I’m working through each section of a paper in the Craft of Research series this spring using an image that has worked for me in the past, and which is by no means original, but which I think I just found a good way to label. In general, I tell students to distinguish each section by their “bases” and their “aims”. The theory section, for example, is based on the literature and aims to activate the reader’s expectations of the object, while the analysis is based on the data and aims to challenge those expectations. (They can decide they have other bases and aims; the idea is to make sure they differ in ways they understand from section to section.) But I also tell them to compose their papers one paragraph at a time and we need some way to map the somewhat abstract aims and bases of the sections onto the paragraphs they comprise. This is where I think I may have hit on something.

Think of each paragraph as represented by an old-fashioned cardboard index card. In the title field (above the red line), imagine your key sentence, and then imagine a list of your sources on the rest of the card. I’ve always struggled to label that “rest”. Is it the “body” of the paragraph? Perhaps, but people also like to talk about “body paragraphs”, i.e., the paragraphs in an essay that are not the introduction or the conclusion. They also talk about “topic” sentences for these paragraphs, as distinct from the “thesis” statement of introductory paragraphs. But this doesn’t work for me because every paragraph, including those in the introduction, will have a “key” sentence, one of which will include the thesis statement, i.e., “This paper shows that…” And, in any case, to talk of “keys” and “bodies” seems to mix our metaphors (bodies don’t have locks), so I’ve always wanted another word for the the rest of the paragraph.

Now, while a paragraph is not “a box within which” but “a center around which,” it still occupies a definite volume. It has a form. And so we can talk about the “content” of the paragraph. The key sentence will set up a little difficulty for the paragraph to solve and the content of the paragraph provides the resources we need to solve it. The paragraph “contains” the information we need to support, elaborate, or defend the key sentence. Again, although a paragraph isn’t really a box, the key sentence gives us a particular kind of “access” to the materials that paragraphs presents. The contents are arranged in such a way that the reader will find it easier to believe, understand, or agree with the key sentence.
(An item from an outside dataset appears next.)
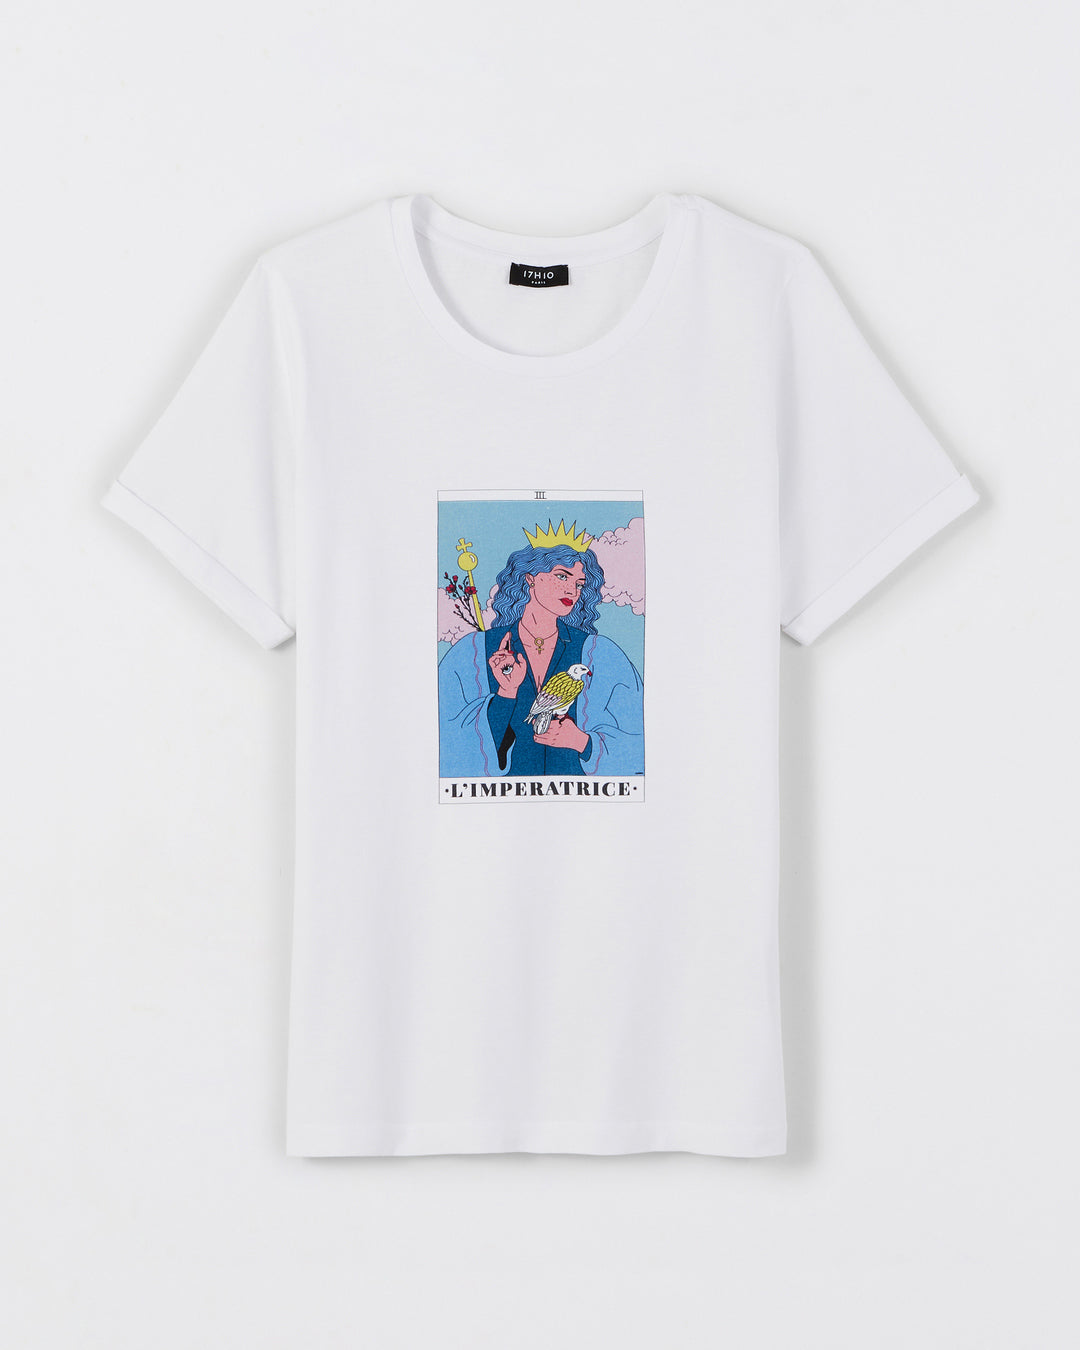 Tarot de Marseille illustrated T-shirt - The Empress 👑
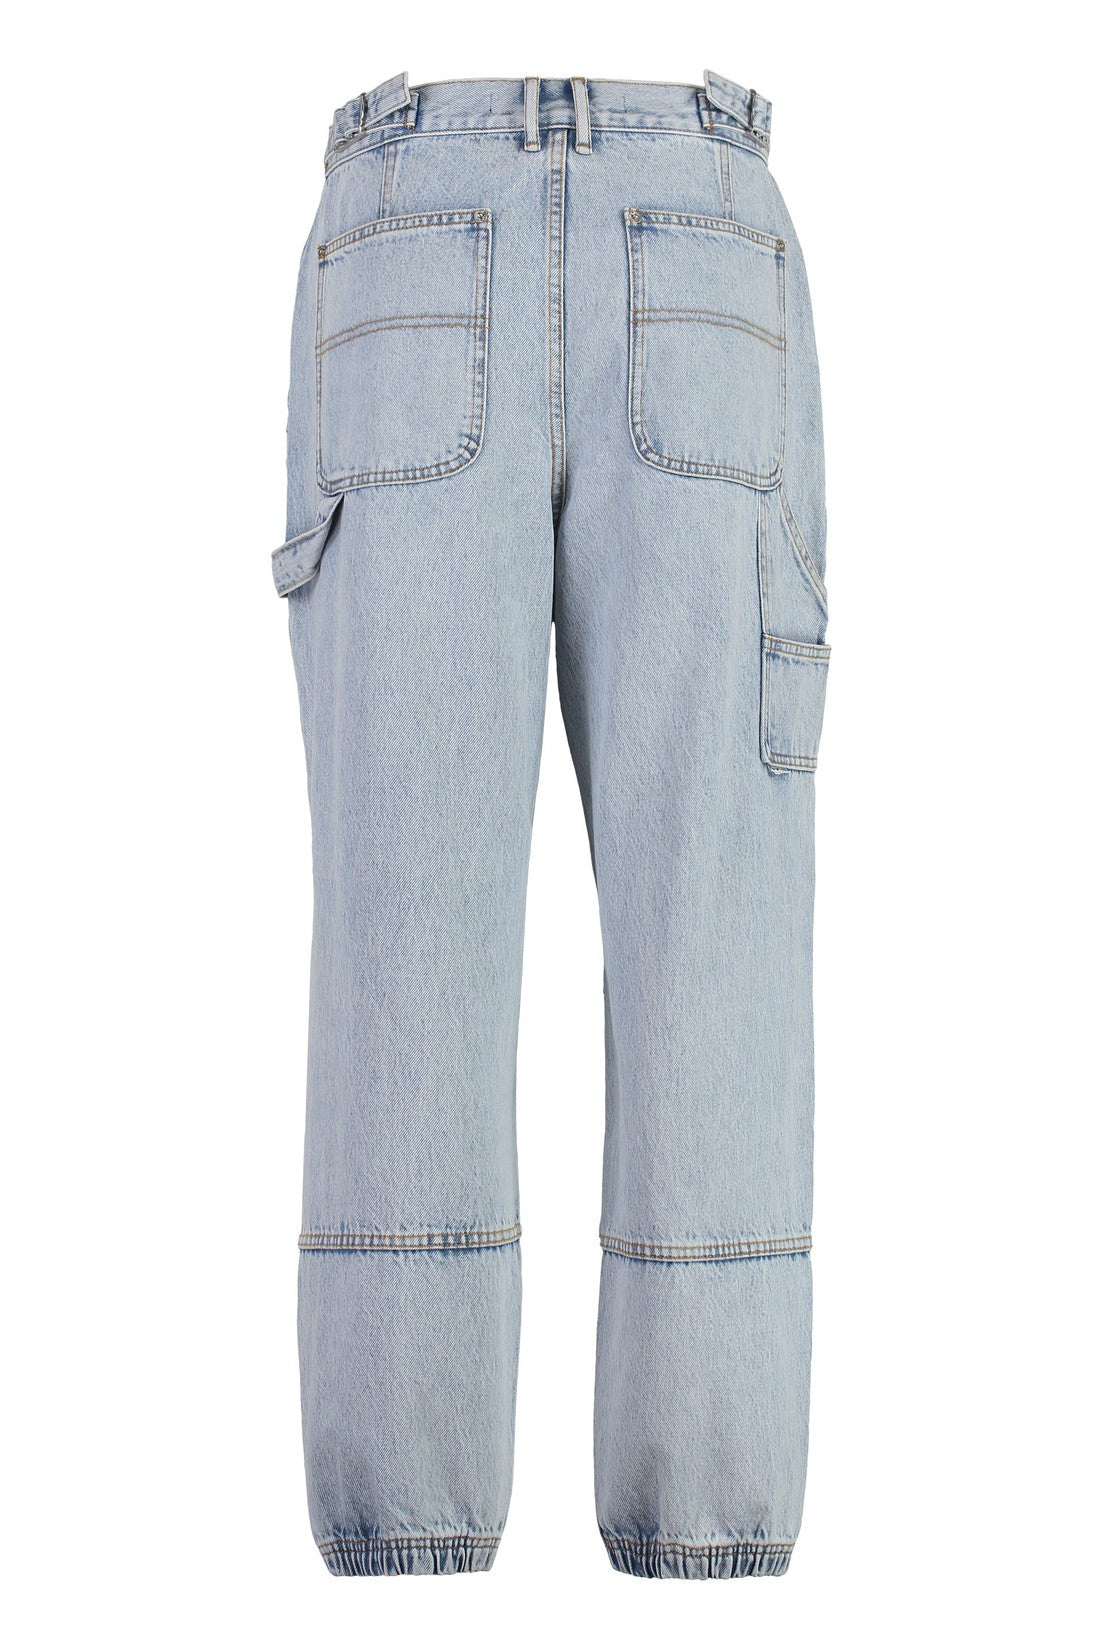 Alexander Wang-OUTLET-SALE-Carpenter Wide-leg jeans-ARCHIVIST

A research paper can consist of 20 or 40 or 80 paragraphs (or more). Each paragraph can be represented by its key and its content, which, in turn, can be all be summarized on a single 3″ x 5″ piece of cardboard. (It is sufficient that you imagine this finitude, appreciate it; you don’t have to run out to an office-supply store.) Since a paragraph consists of no more than 200 words and takes under a minute to read, there is a limit to how many texts you can cite or how much data you can invoke. Reminding yourself of these limits is a good way to begin to face the much smaller difficulty that writing a paragraph for your theory section constitutes when compared to actually having a theory. The same can be said of the much smaller difficulty that writing a paragraph of analysis constitutes when compared with actually discovering the truth about your object. Try to keep these difficulties distinct, a half page for each little problem.